MATERIAL PROVIDED:
*****
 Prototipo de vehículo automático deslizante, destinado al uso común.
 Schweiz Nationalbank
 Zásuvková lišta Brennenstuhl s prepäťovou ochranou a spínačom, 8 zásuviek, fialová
*****
ASSIGNMENT: Take the listing above and write it out again exactly.

SOLUTION BELOW:
 Prototipo de vehículo automático deslizante, destinado al uso común.
 Schweiz Nationalbank
 Zásuvková lišta Brennenstuhl s prepäťovou ochranou a spínačom, 8 zásuviek, fialová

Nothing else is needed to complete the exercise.